PROVIDED DATA =
============================================================
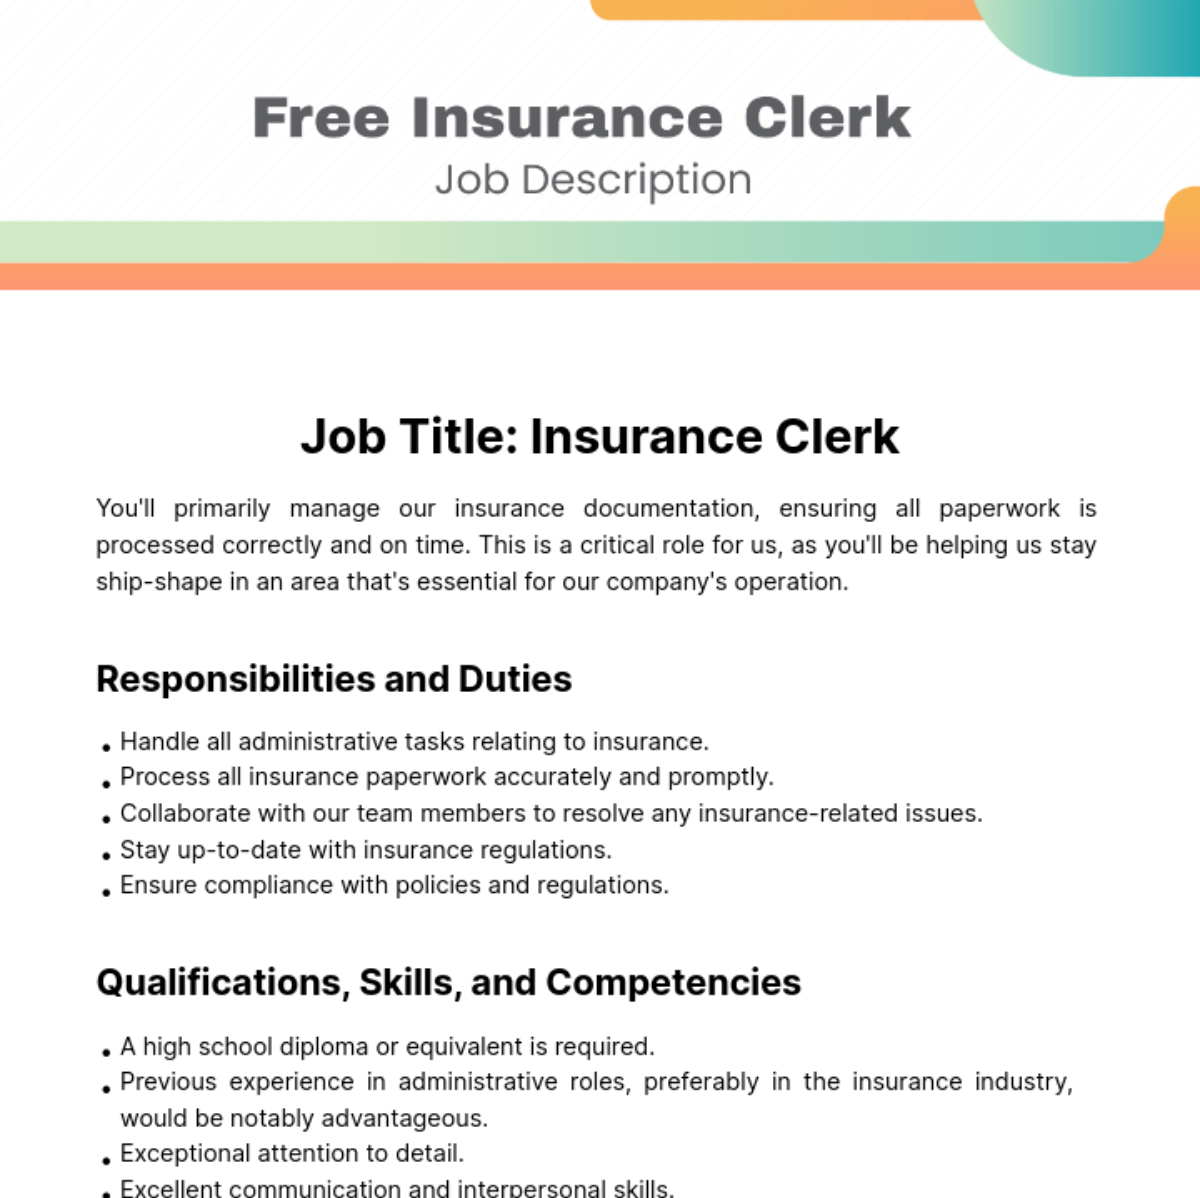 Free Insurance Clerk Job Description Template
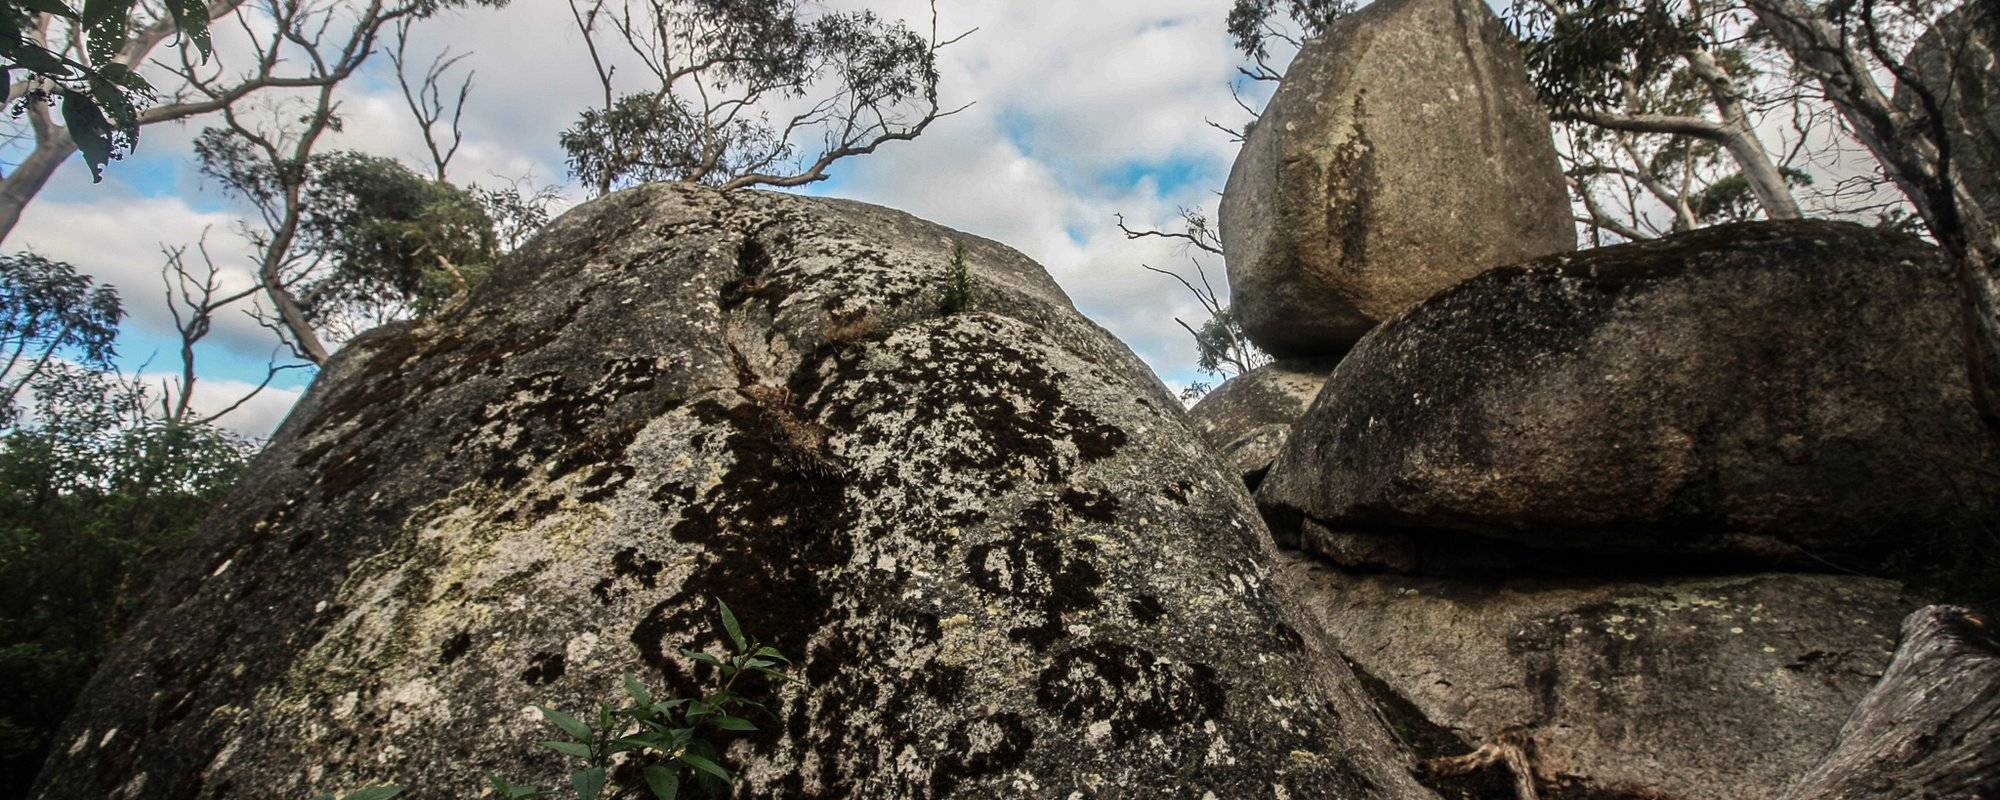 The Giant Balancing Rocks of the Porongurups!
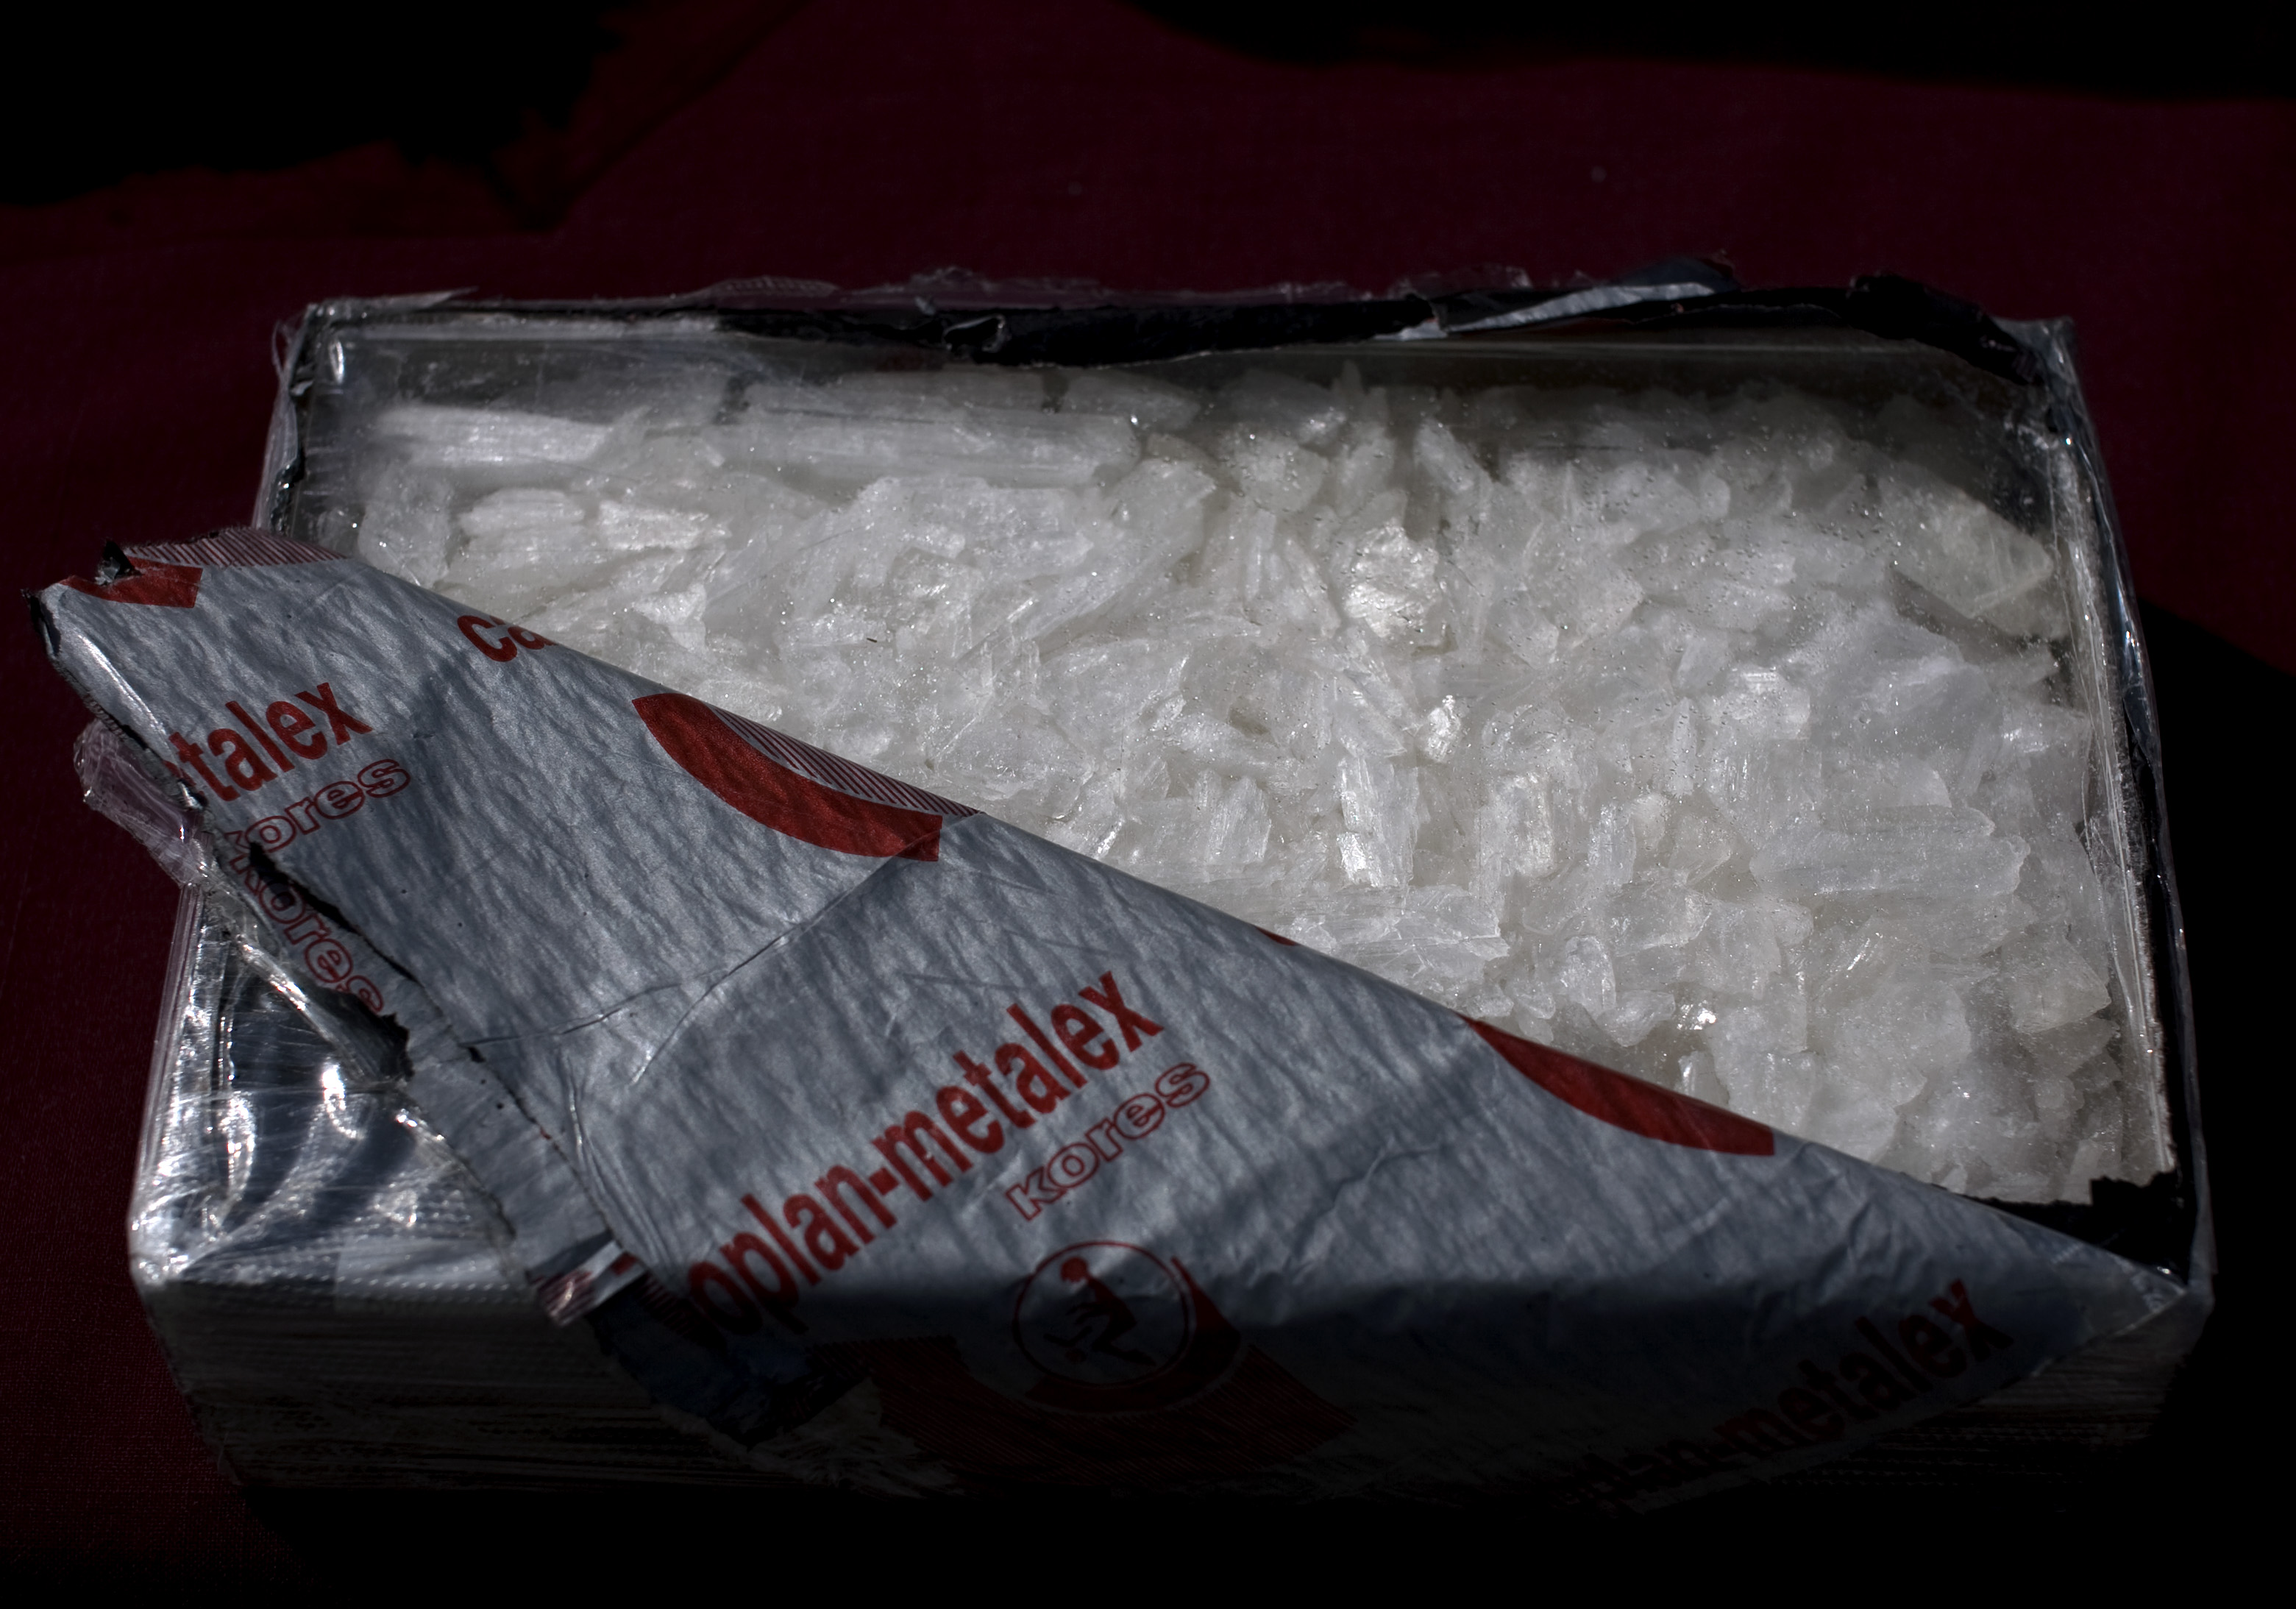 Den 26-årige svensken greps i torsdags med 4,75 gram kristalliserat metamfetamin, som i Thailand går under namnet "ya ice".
============================================================
EXERCISE INSTRUCTIONS =
Across the whole listing, reproduce each line verbatim and exclude every picture.

ANSWER BOX =
 Free Insurance Clerk Job Description Template
 The Giant Balancing Rocks of the Porongurups!
 Den 26-årige svensken greps i torsdags med 4,75 gram kristalliserat metamfetamin, som i Thailand går under namnet "ya ice".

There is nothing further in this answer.